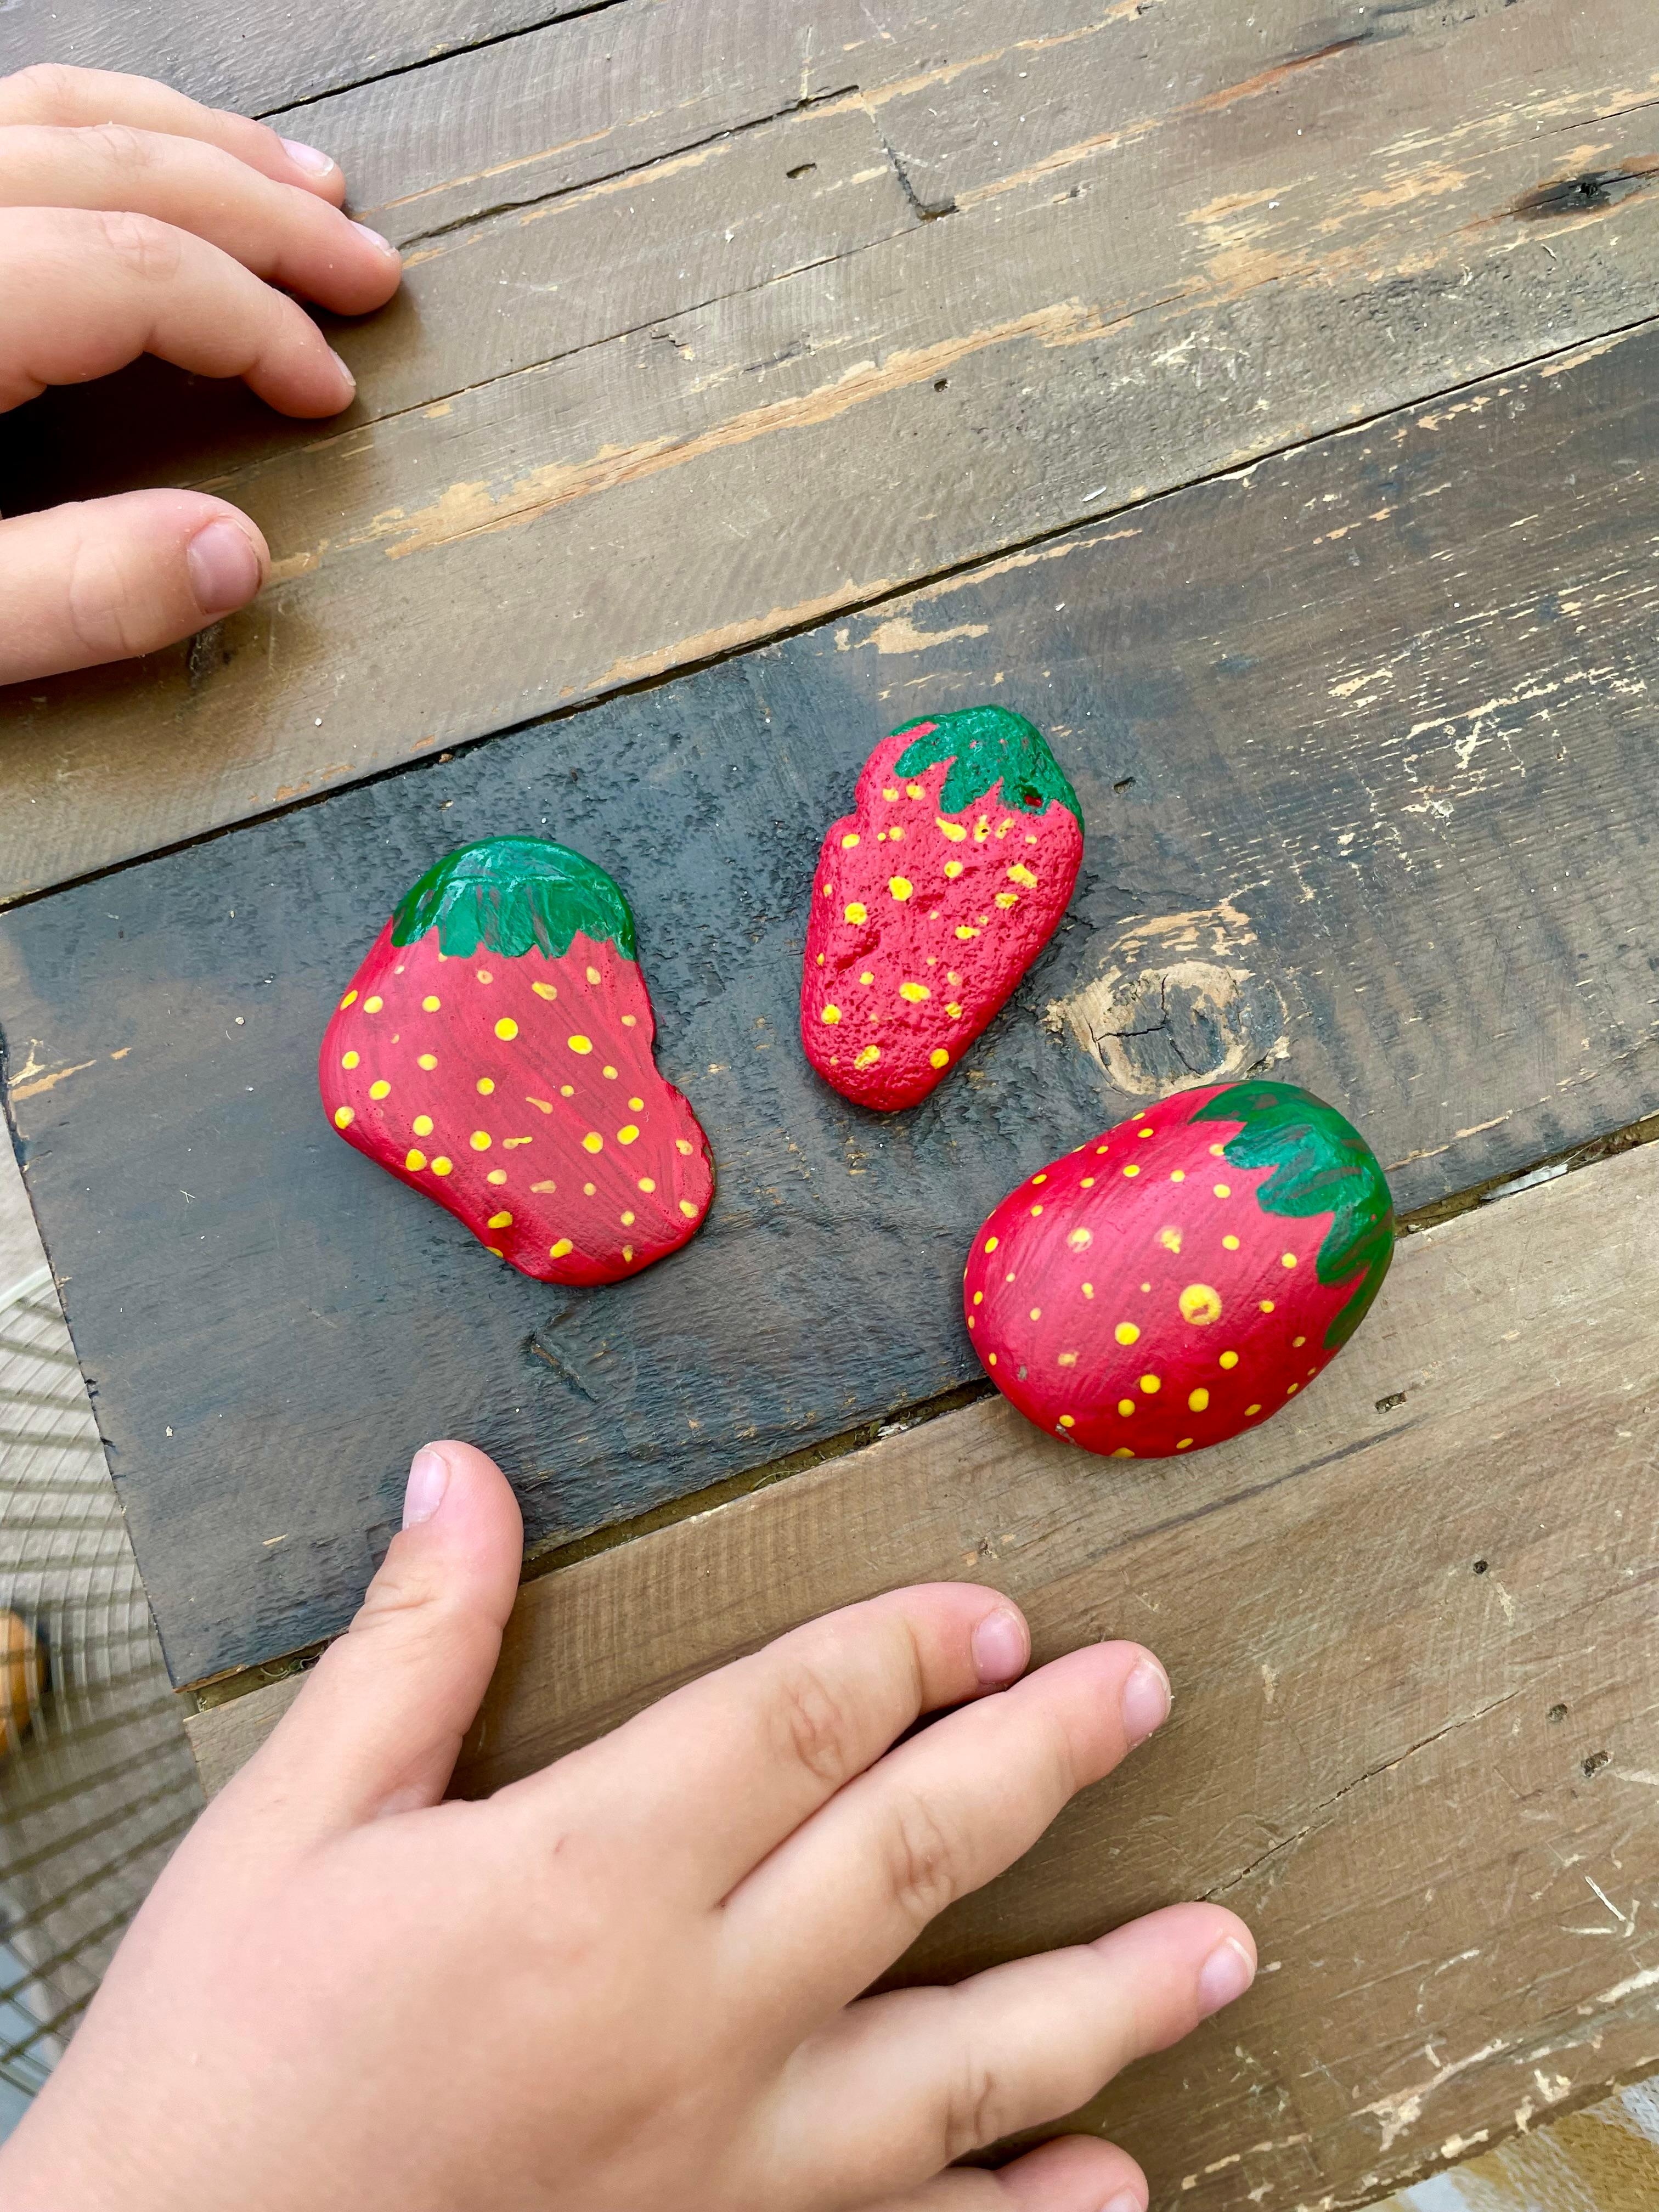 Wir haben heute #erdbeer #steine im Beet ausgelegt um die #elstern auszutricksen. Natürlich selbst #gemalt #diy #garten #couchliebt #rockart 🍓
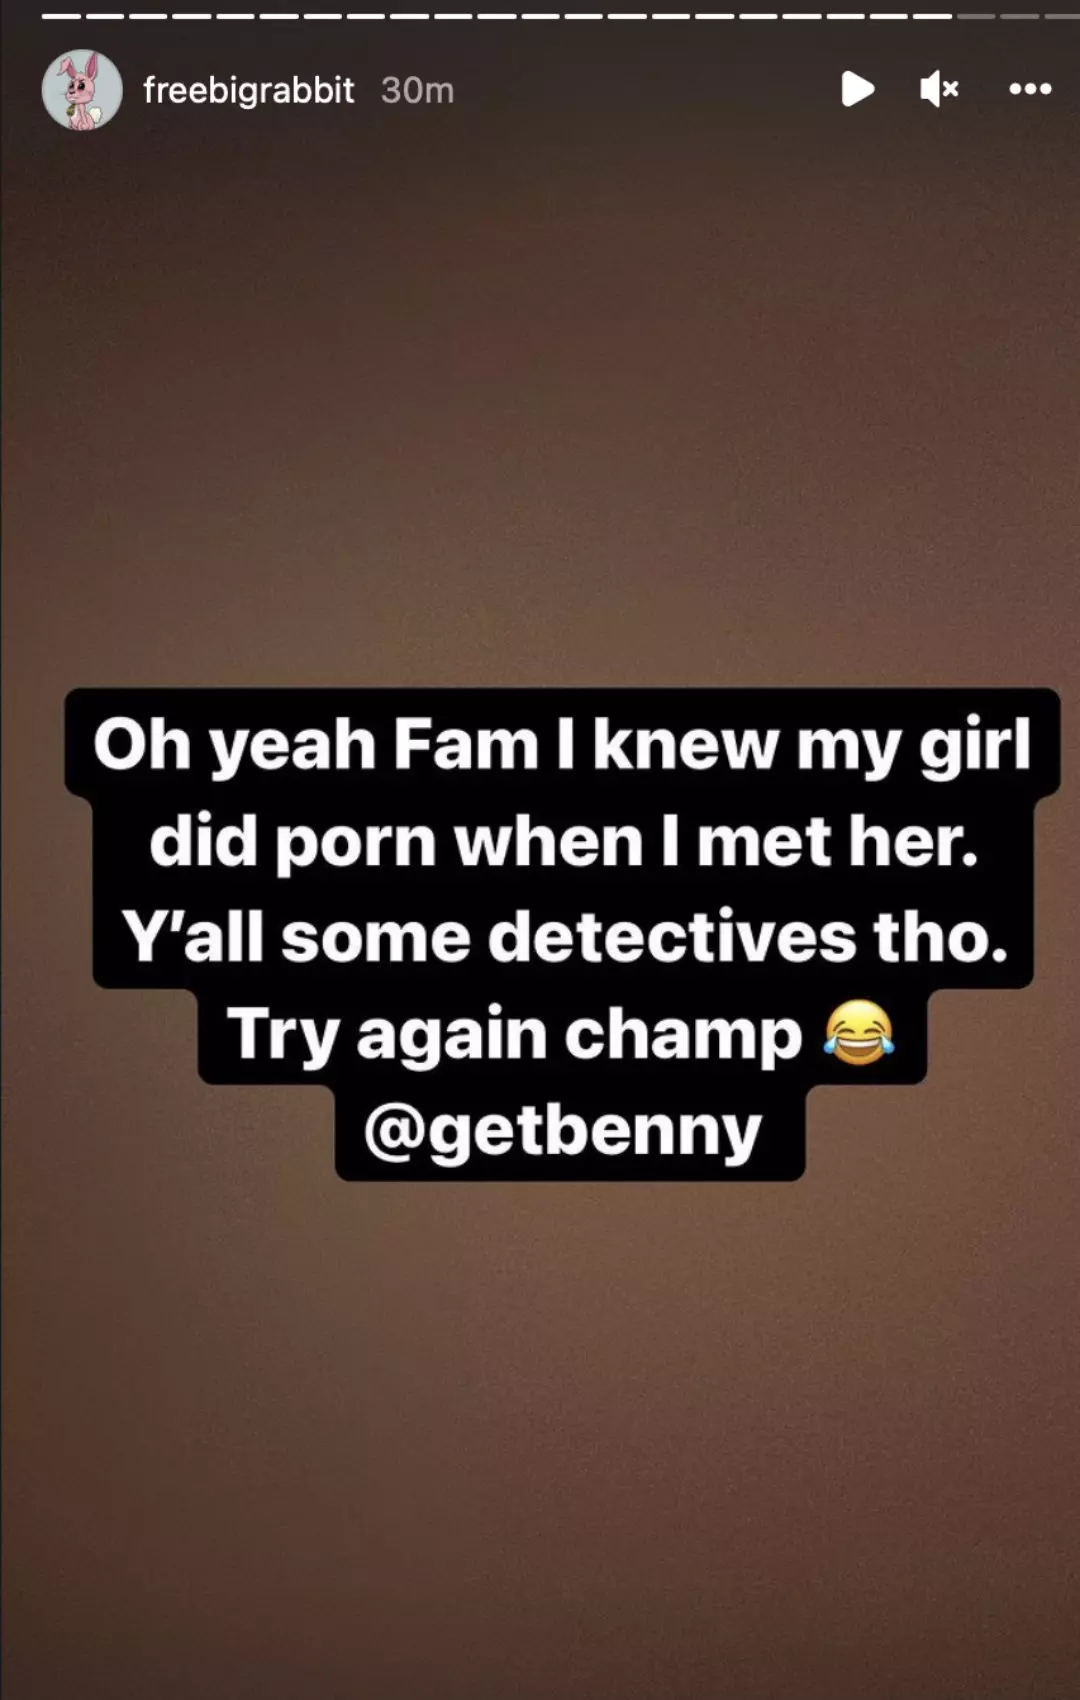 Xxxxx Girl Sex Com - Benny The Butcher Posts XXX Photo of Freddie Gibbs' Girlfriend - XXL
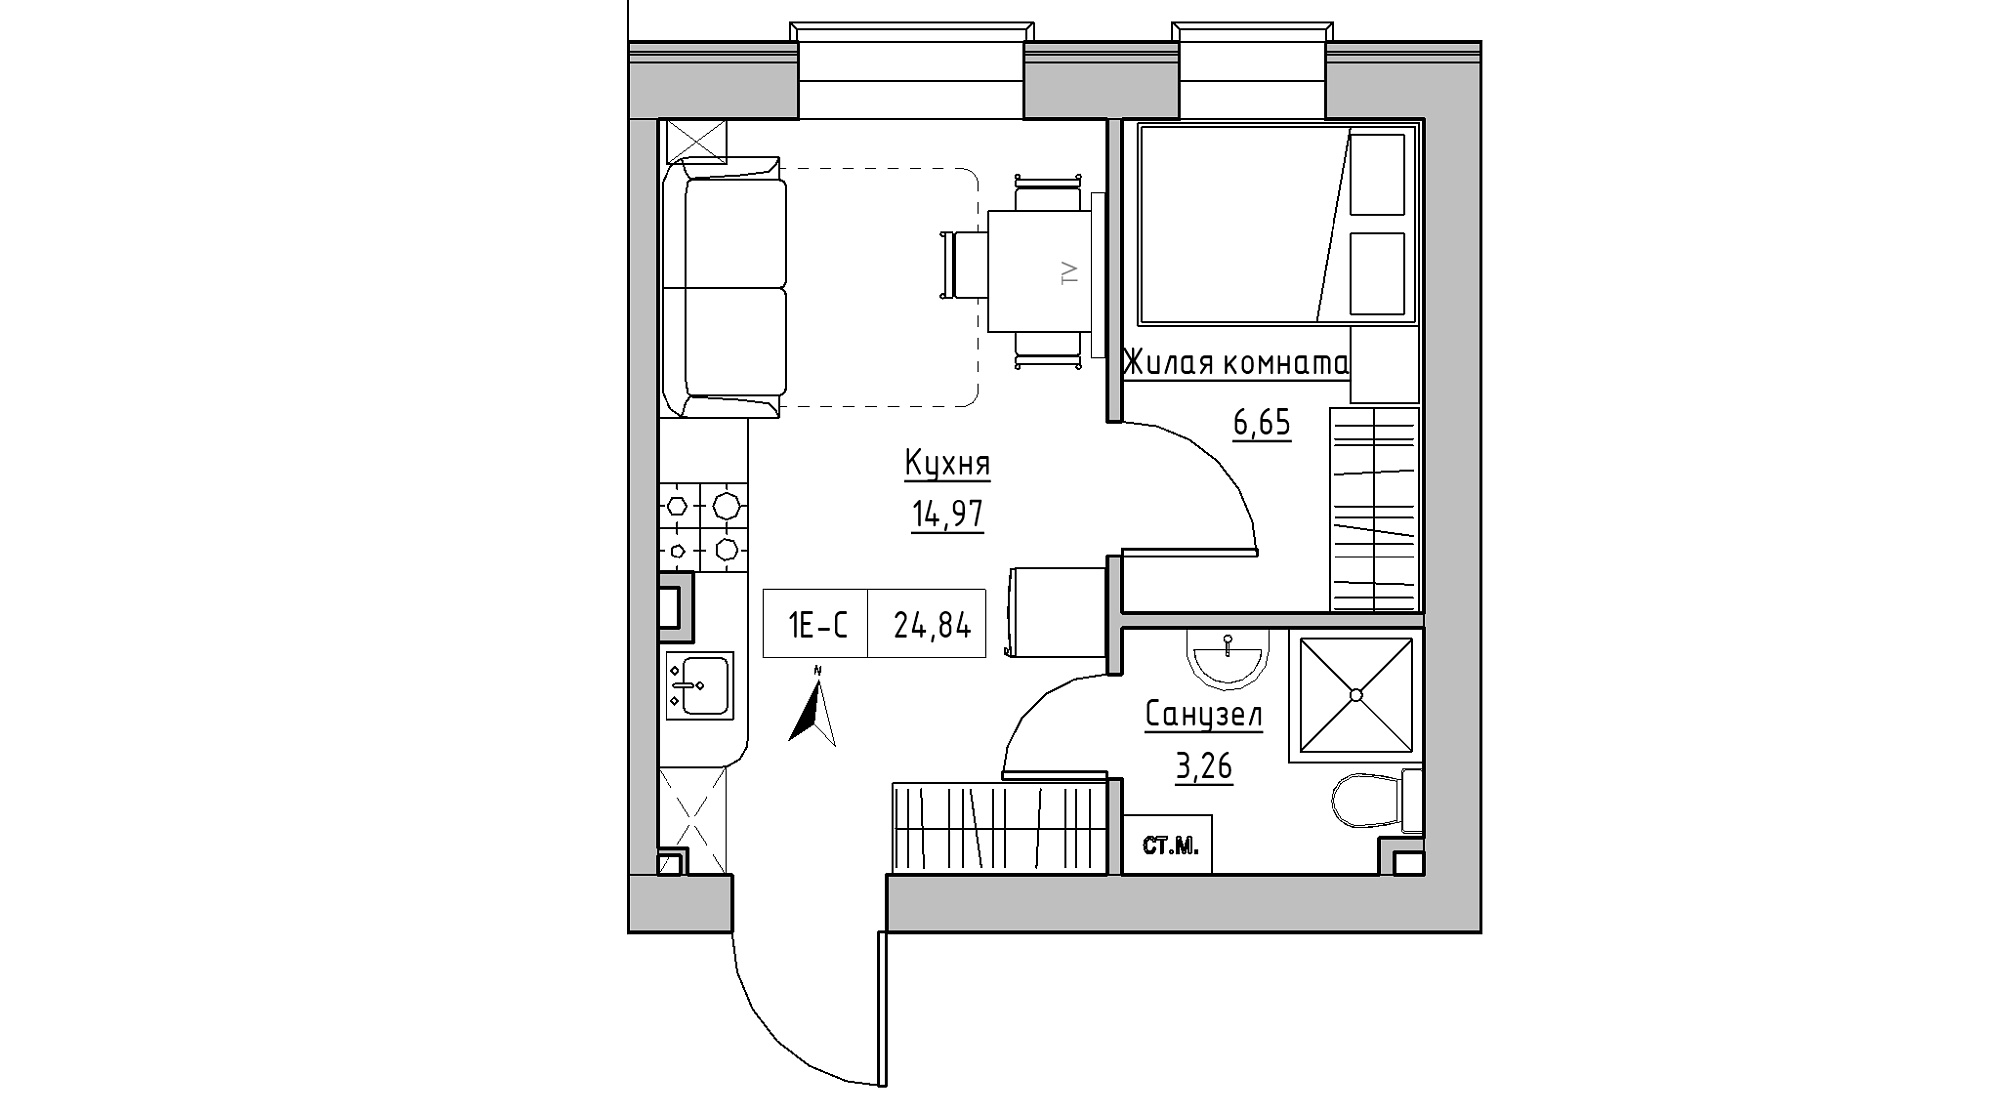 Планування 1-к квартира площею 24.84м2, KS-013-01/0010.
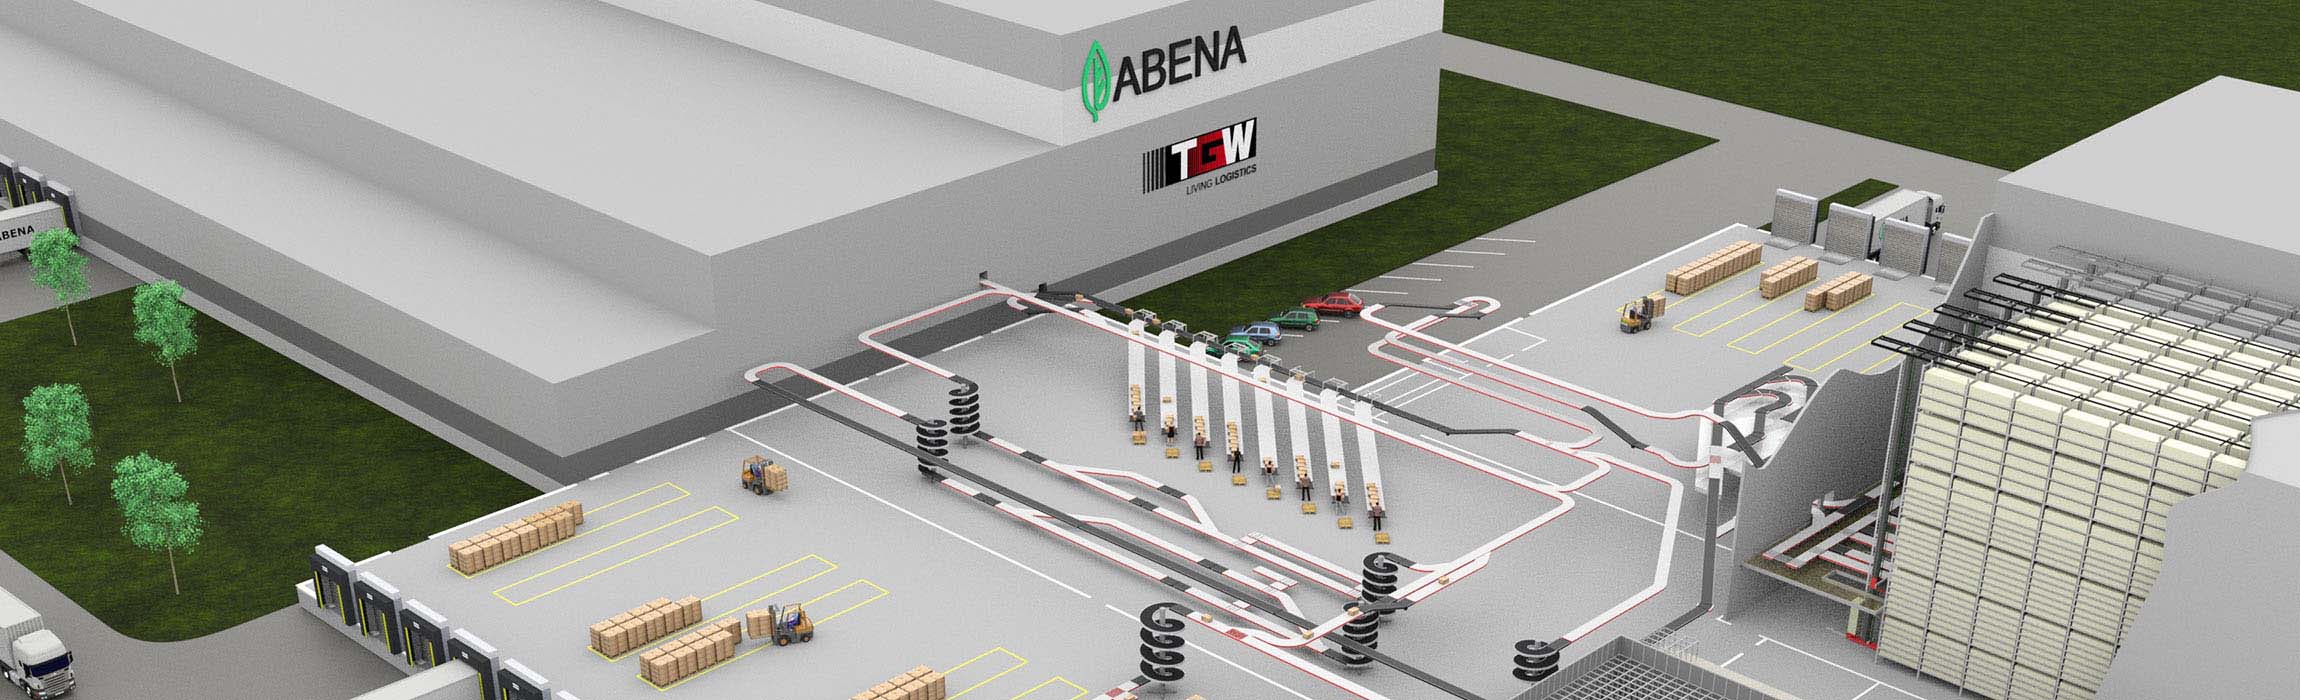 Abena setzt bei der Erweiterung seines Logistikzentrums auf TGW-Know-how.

» Task
Every line of the data should be transcribed exactly. Omit the images.

» Task output
 Wir haben heute #erdbeer #steine im Beet ausgelegt um die #elstern auszutricksen. Natürlich selbst #gemalt #diy #garten #couchliebt #rockart 🍓
 Xxxxx Girl Sex Com - Benny The Butcher Posts XXX Photo of Freddie Gibbs' Girlfriend - XXL
 Планування 1-к квартира площею 24.84м2, KS-013-01/0010.
 Abena setzt bei der Erweiterung seines Logistikzentrums auf TGW-Know-how.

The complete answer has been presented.